Different shapes result from different AO sizes/hybrid forms making up the bonds (e.g., d-d-sigma in Re-Re bond, or s-s-sigma in C-H)
In higher elements, valence bonds often have visible „
dents “ where the inner-shell electrons of the atom reside (e.g., S-O bond on the S side)
![pi bonds](img/acrylic_acid-pi-bond.png)
![pi bonds](img/acrylic_acid-pi-bond-O.png)
![pi bonds](img/acrylic_acid-pi-lone-pair-O.png)
![pi bonds](img/re2me8-dianion-pi-bond.png)
π-bonds come in a variety of shapes and sizes. Unlike σ-bonds, which usually are highly localzied, both π-bonds and π-lone pairs are often de-localized to neighboring atoms. (e.g., delocalized C-C-π-bond, localized C-O-π-bond, mostly localized O-π-lone pair)
In C≡C triple bonds in conjugated systems, the two π-bond components are often delocalized differently, and to different sides.
![aromatic bonds](img/pi-bond-4-center.png)

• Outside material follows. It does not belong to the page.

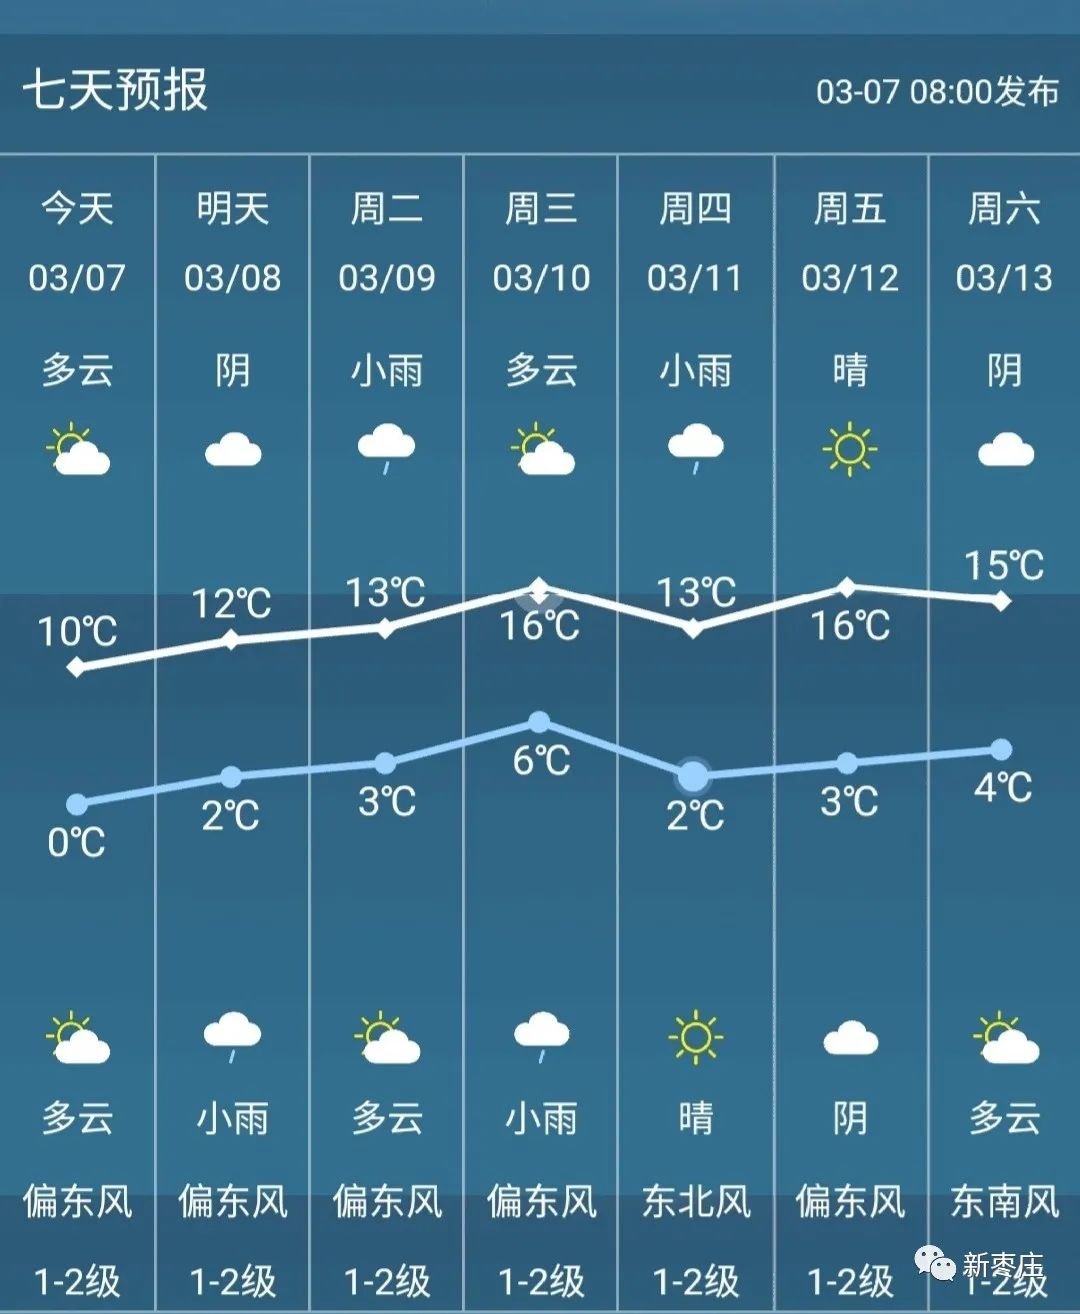 最新天气预报下周枣庄最高温16

![aromatic bonds](img/pi-bond-3-center.png)
C≃C: Aromatic bonds effectively come in two degenerate shapes, which are mathematically equivalent. One is primarily localized on three centers, the other on four centers.
IBOs normally prefer the three-center version. But, especially in reaction paths, the type of the pi bonds can change.
![banana bonds](img/c3h6-banana-bond.png)
Banana bonds are most often seen in cyclopropyl groups. They can be viewed as hybrids between regular σ- and π-bonds. While they are often highly-localized, their increased π-character still predestines them for π-bond like reactivity patterns.
Normally we write double bonds as one σ- and one π-bond, but they can also be written as two equivalent banana bonds. Both descriptions are
physically equivalent . IBOs normally produce the former description, because they prefer a pair of one highly localized and one semi-delocalized orbital to an equivalent description of two equivalent somewhat delocalized orbitals. In other localization methods (e.g., Boys localization) this is different.- A variation of this pattern is also commonly seen in Boranes. Here a very similar orbital shape occurs and is used to bridge a two-electron (2e) chemical bond over three centers (3c). These bonds are electronically
simple (i.e., well described by mean field theory), but cannot be easily written as Lewis structures. - While the borane 2e3c-bond is the most well known, a different, but also common 2e3c bond is often formed by CO ligands in tetrahedral coordination. This is a two-electron three-center p-d-p bond. The one shown here is from The Electronic Ground State of [Fe(CO)3(NO)]−: A Spectroscopic and Theoretical Study
![banana bonds](img/banana-pi-hybrid.png)
Commonly seen in cationic systems involving cyclopropyl groups (e.g., carbo-cations) and reaction paths involving cyclopropyl ring opening or closing reactions.
The example is taken from The Stabilizing Effects in Gold Carbene Complexes, where such bonds are shown to play a major role in stabilizing carbo-cation sites (instead of pi-backbonds from Gold, as one might imagine).